> [BRIEF] Please write out all of the records below exactly as they appear.

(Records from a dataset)
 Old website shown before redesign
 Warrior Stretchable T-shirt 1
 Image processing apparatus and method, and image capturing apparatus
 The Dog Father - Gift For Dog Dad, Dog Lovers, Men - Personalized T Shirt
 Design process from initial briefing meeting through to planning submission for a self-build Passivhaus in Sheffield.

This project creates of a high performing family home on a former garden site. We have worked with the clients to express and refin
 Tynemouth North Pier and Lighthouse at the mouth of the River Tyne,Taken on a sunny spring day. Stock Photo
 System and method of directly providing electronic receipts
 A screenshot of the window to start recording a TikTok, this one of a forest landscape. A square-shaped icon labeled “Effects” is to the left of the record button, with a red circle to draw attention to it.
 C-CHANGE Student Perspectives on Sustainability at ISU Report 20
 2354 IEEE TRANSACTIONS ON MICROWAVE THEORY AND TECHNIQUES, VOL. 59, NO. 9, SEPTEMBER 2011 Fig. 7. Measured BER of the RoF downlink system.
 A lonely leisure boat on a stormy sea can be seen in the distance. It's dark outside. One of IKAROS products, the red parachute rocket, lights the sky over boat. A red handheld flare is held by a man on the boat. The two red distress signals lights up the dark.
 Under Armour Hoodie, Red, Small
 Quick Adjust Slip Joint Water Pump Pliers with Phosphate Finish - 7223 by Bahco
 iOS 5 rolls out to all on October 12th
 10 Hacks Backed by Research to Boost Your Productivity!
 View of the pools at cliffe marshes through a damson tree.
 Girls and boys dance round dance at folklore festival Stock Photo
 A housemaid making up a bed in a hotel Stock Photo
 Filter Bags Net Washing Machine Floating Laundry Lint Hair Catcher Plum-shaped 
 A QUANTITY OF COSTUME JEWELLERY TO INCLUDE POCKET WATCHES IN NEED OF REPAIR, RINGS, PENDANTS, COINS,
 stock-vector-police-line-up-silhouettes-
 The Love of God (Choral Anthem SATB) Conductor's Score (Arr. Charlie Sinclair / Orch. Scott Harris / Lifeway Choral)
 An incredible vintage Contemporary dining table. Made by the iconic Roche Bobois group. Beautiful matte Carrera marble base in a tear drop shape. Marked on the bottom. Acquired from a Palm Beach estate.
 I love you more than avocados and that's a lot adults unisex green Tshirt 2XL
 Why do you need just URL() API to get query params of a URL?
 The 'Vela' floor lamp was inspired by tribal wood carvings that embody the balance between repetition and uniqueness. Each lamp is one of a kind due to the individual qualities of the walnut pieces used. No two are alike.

> [REPLY TO THE TASK]
 Old website shown before redesign
 Warrior Stretchable T-shirt 1
 Image processing apparatus and method, and image capturing apparatus
 The Dog Father - Gift For Dog Dad, Dog Lovers, Men - Personalized T Shirt
 Design process from initial briefing meeting through to planning submission for a self-build Passivhaus in Sheffield.

This project creates of a high performing family home on a former garden site. We have worked with the clients to express and refin
 Tynemouth North Pier and Lighthouse at the mouth of the River Tyne,Taken on a sunny spring day. Stock Photo
 System and method of directly providing electronic receipts
 A screenshot of the window to start recording a TikTok, this one of a forest landscape. A square-shaped icon labeled “Effects” is to the left of the record button, with a red circle to draw attention to it.
 C-CHANGE Student Perspectives on Sustainability at ISU Report 20
 2354 IEEE TRANSACTIONS ON MICROWAVE THEORY AND TECHNIQUES, VOL. 59, NO. 9, SEPTEMBER 2011 Fig. 7. Measured BER of the RoF downlink system.
 A lonely leisure boat on a stormy sea can be seen in the distance. It's dark outside. One of IKAROS products, the red parachute rocket, lights the sky over boat. A red handheld flare is held by a man on the boat. The two red distress signals lights up the dark.
 Under Armour Hoodie, Red, Small
 Quick Adjust Slip Joint Water Pump Pliers with Phosphate Finish - 7223 by Bahco
 iOS 5 rolls out to all on October 12th
 10 Hacks Backed by Research to Boost Your Productivity!
 View of the pools at cliffe marshes through a damson tree.
 Girls and boys dance round dance at folklore festival Stock Photo
 A housemaid making up a bed in a hotel Stock Photo
 Filter Bags Net Washing Machine Floating Laundry Lint Hair Catcher Plum-shaped 
 A QUANTITY OF COSTUME JEWELLERY TO INCLUDE POCKET WATCHES IN NEED OF REPAIR, RINGS, PENDANTS, COINS,
 stock-vector-police-line-up-silhouettes-
 The Love of God (Choral Anthem SATB) Conductor's Score (Arr. Charlie Sinclair / Orch. Scott Harris / Lifeway Choral)
 An incredible vintage Contemporary dining table. Made by the iconic Roche Bobois group. Beautiful matte Carrera marble base in a tear drop shape. Marked on the bottom. Acquired from a Palm Beach estate.
 I love you more than avocados and that's a lot adults unisex green Tshirt 2XL
 Why do you need just URL() API to get query params of a URL?
 The 'Vela' floor lamp was inspired by tribal wood carvings that embody the balance between repetition and uniqueness. Each lamp is one of a kind due to the individual qualities of the walnut pieces used. No two are alike.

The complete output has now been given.